• _Description of the task_: A verbatim copy of the listing is what is needed, minus any pictures.

• _Data extract_:

=== Section Start ===

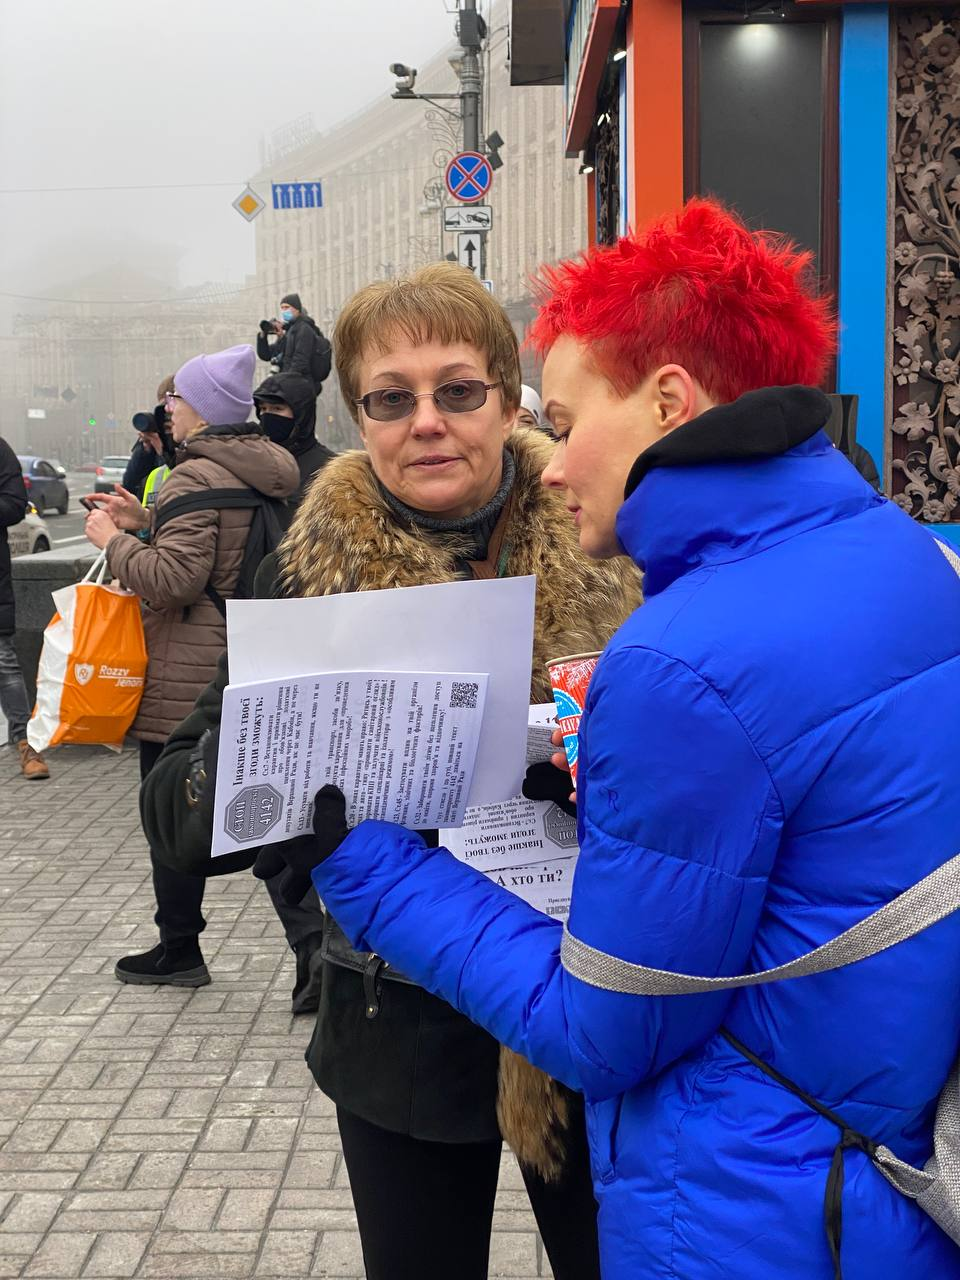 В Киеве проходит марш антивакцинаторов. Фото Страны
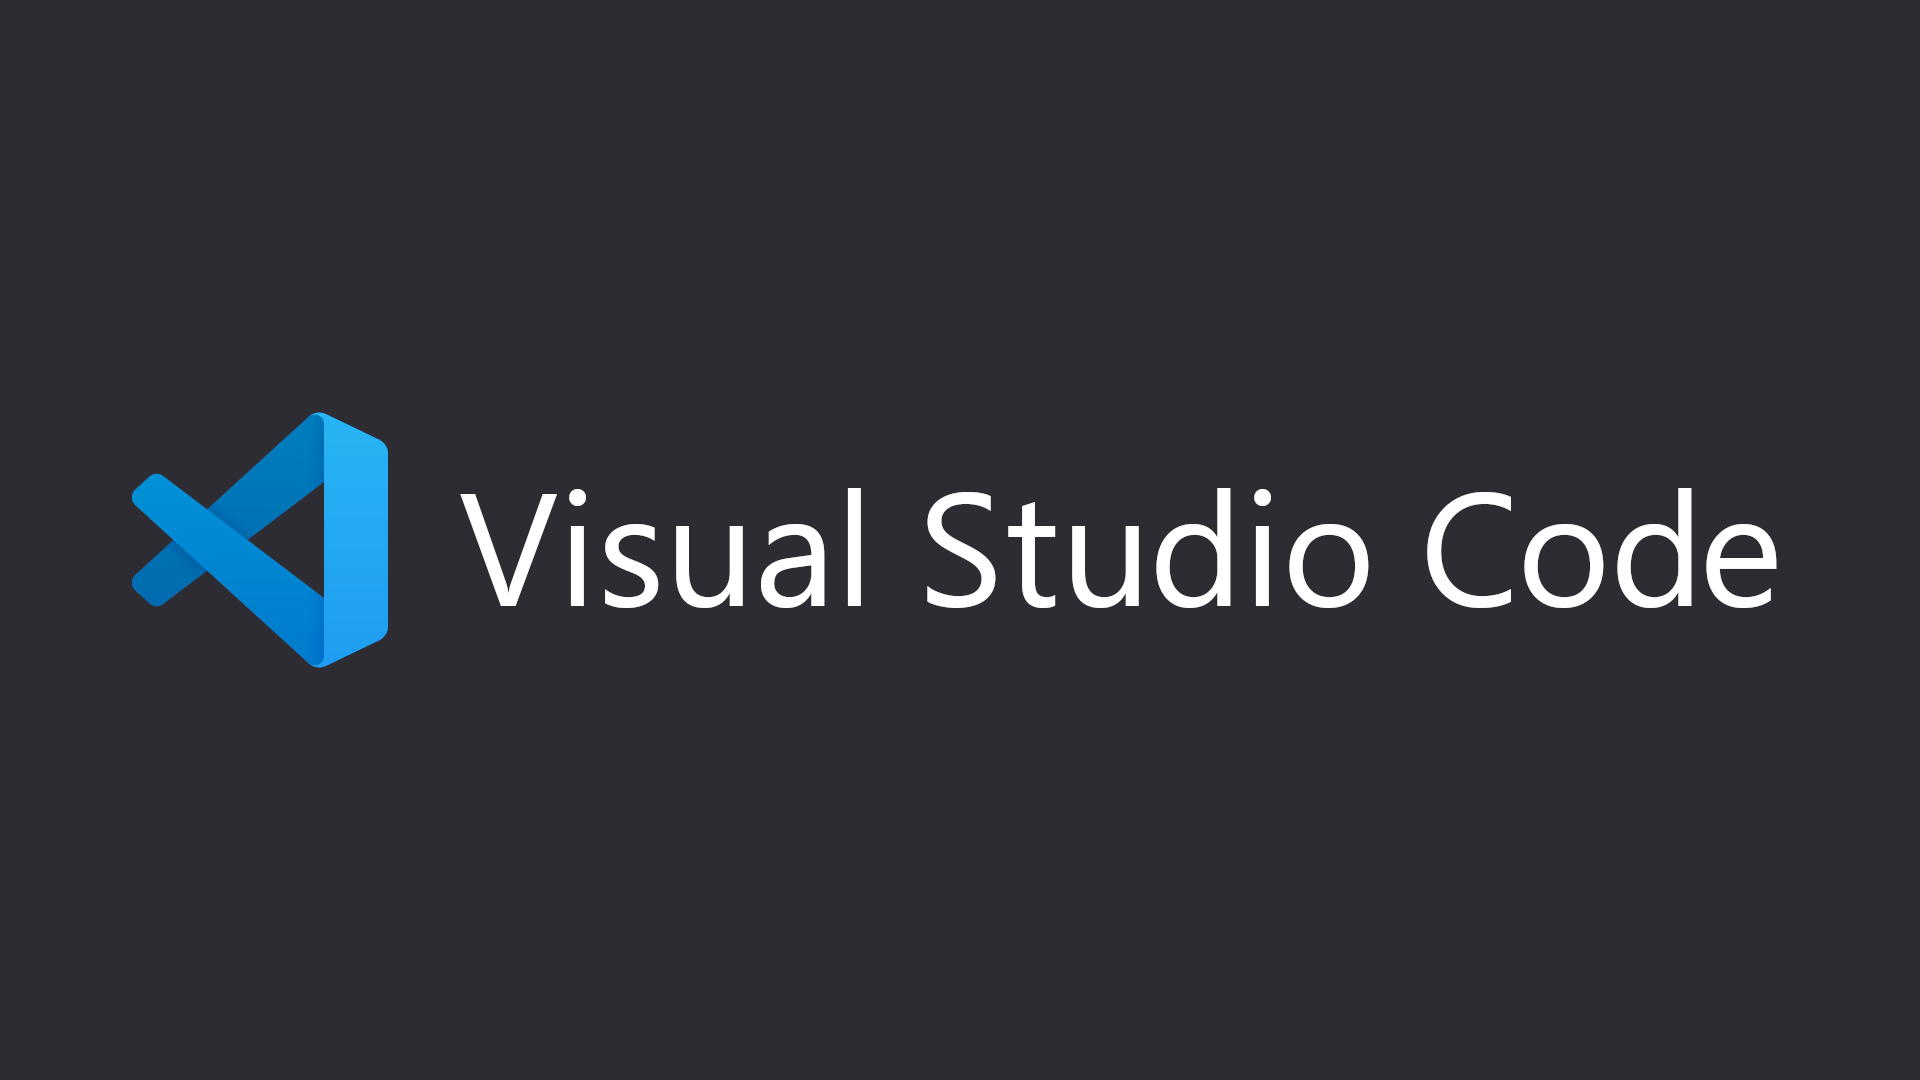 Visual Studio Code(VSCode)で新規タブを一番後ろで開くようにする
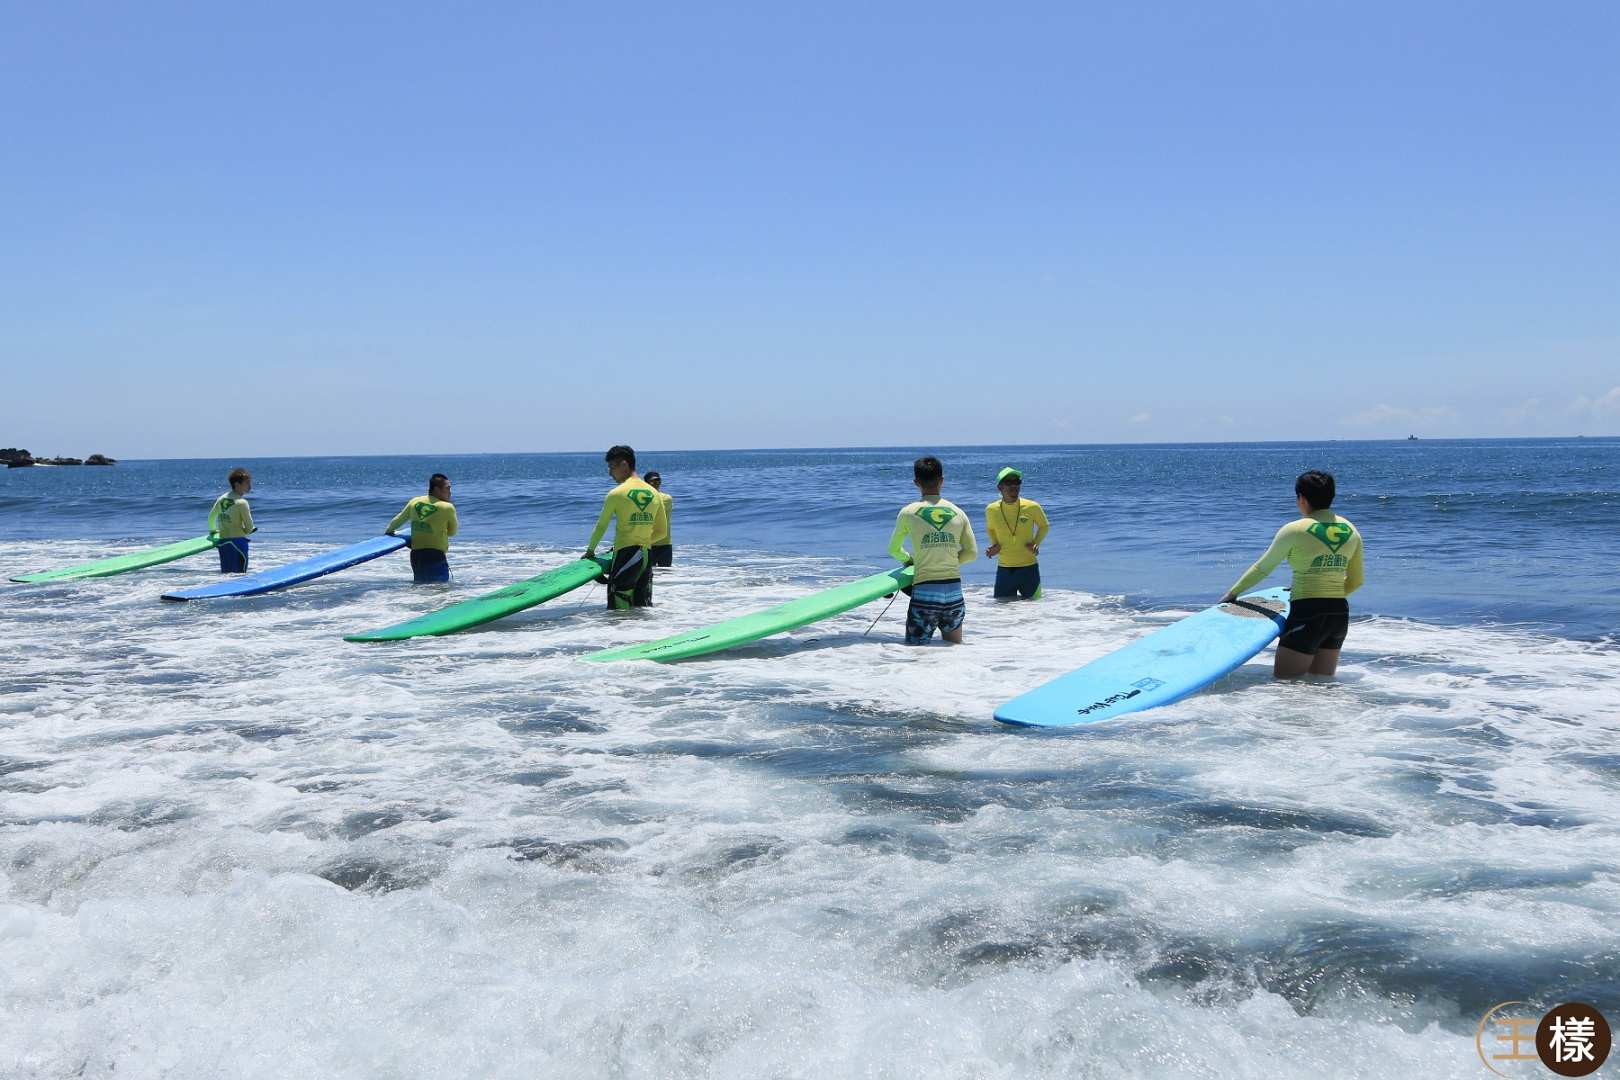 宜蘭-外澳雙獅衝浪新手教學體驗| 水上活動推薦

=== Section End ===

• _Exercise answer_:
 В Киеве проходит марш антивакцинаторов. Фото Страны
 Visual Studio Code(VSCode)で新規タブを一番後ろで開くようにする
 宜蘭-外澳雙獅衝浪新手教學體驗| 水上活動推薦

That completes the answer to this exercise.